*Exercise:* Repeat only the lines below that run from the line with "Gesetzblatt (GBl.) der" to the line with "Perceeloppervlakte Van Borsselenlaan", ends included; skip every picture.

Provided data below:

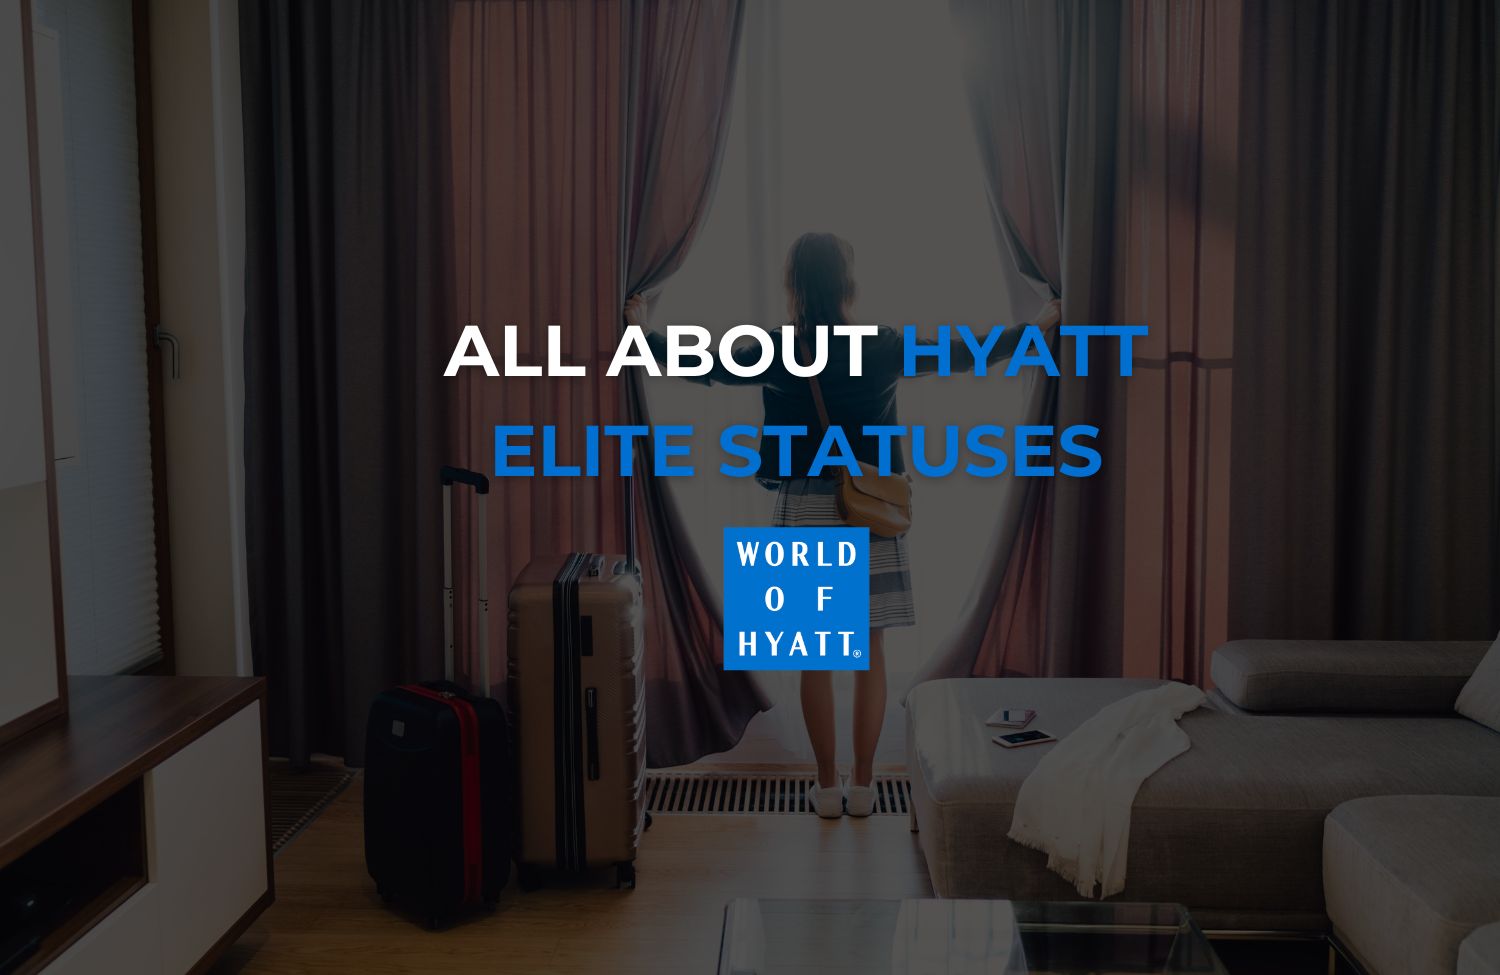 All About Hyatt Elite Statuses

End of Provided data.
Provided data below:

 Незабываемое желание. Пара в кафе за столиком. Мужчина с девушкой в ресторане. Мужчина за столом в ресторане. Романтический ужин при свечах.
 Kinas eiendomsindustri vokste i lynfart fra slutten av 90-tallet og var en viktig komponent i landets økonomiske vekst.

End of Provided data.
Provided data below:

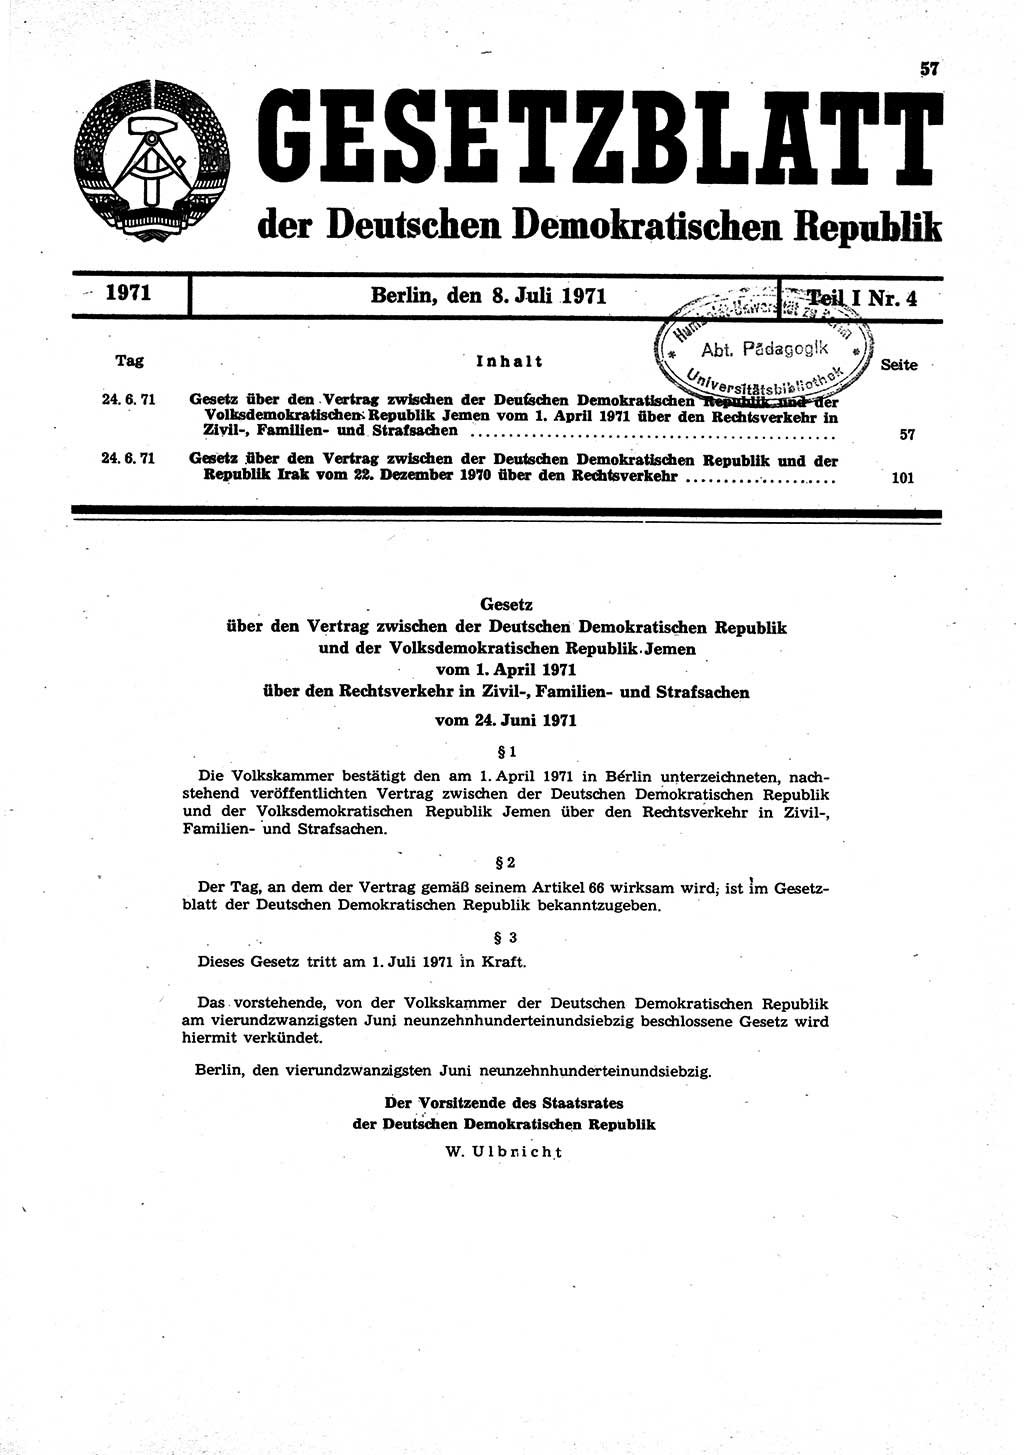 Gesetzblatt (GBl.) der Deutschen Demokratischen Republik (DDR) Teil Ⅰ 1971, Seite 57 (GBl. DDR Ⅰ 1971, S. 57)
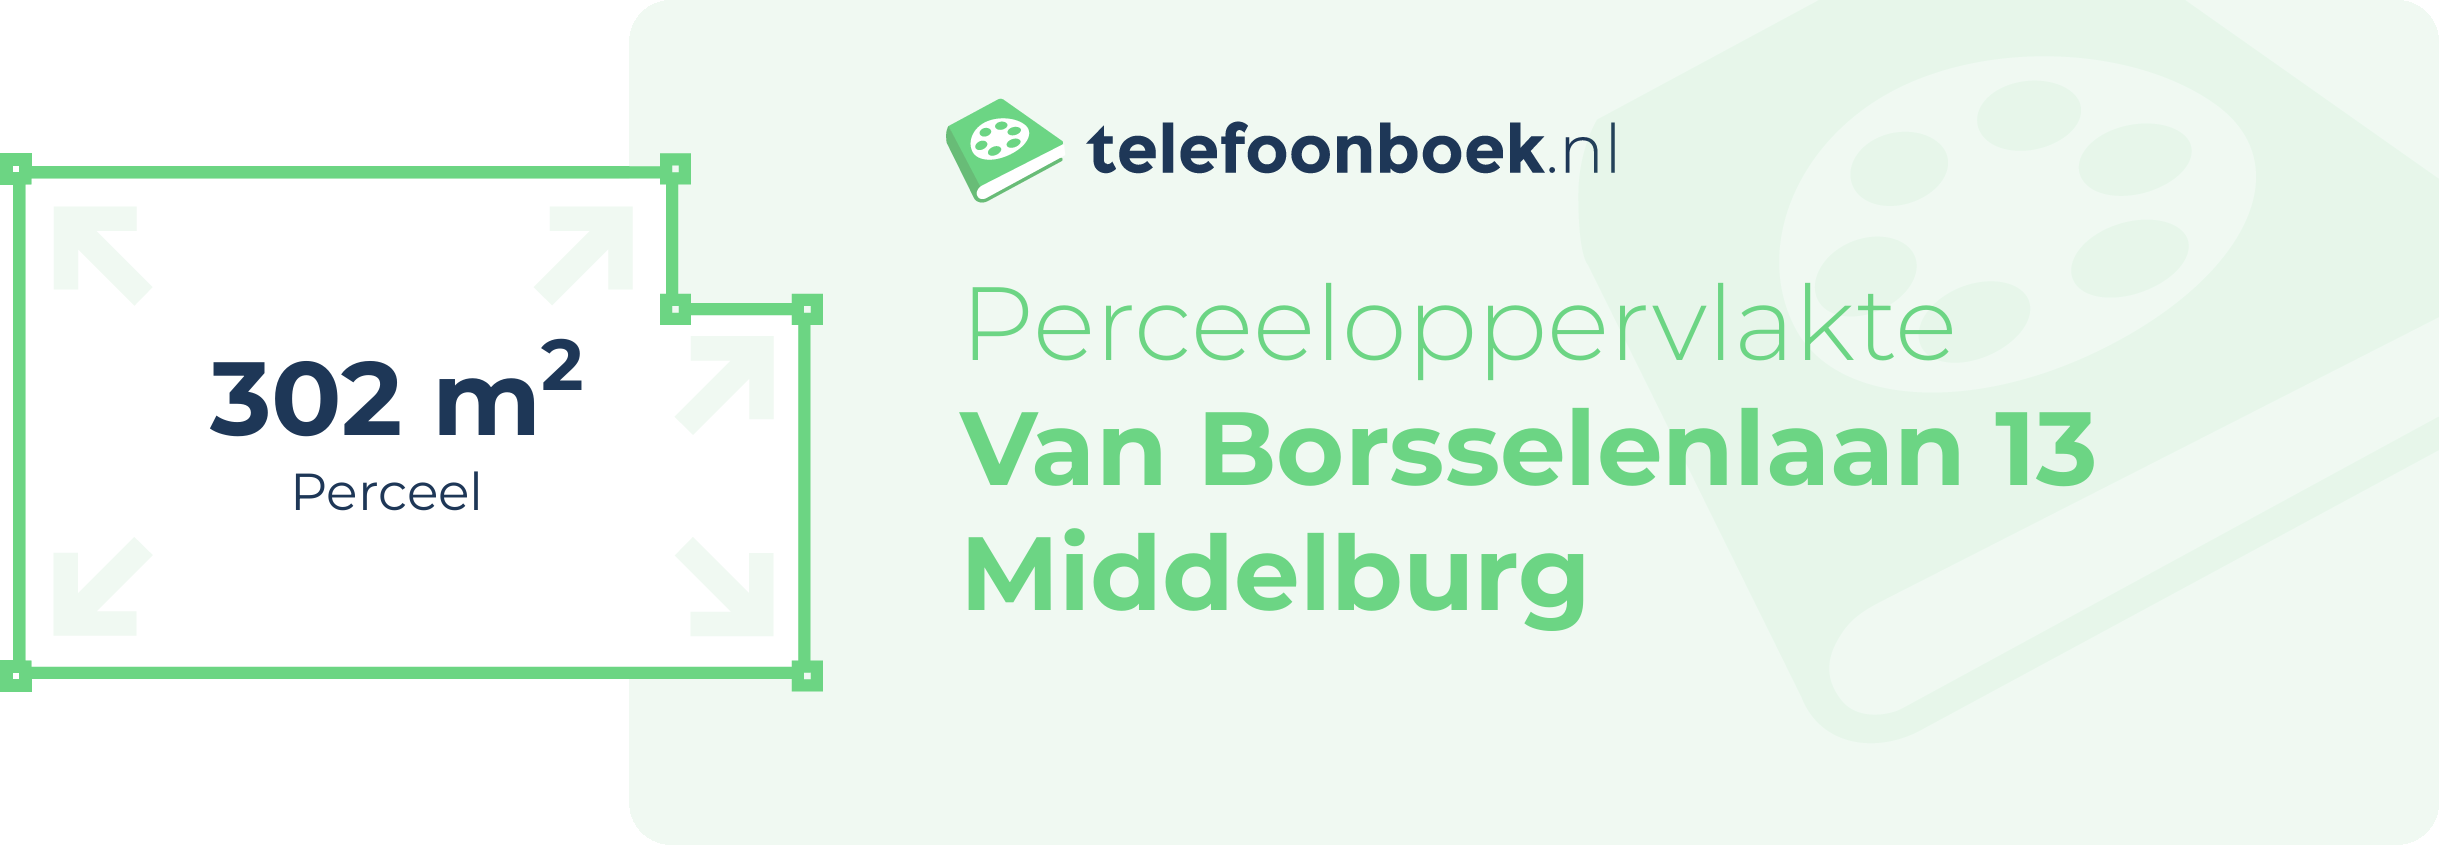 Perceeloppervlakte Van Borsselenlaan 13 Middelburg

End of Provided data.

*Answer space:*
 Gesetzblatt (GBl.) der Deutschen Demokratischen Republik (DDR) Teil Ⅰ 1971, Seite 57 (GBl. DDR Ⅰ 1971, S. 57)
 Perceeloppervlakte Van Borsselenlaan 13 Middelburg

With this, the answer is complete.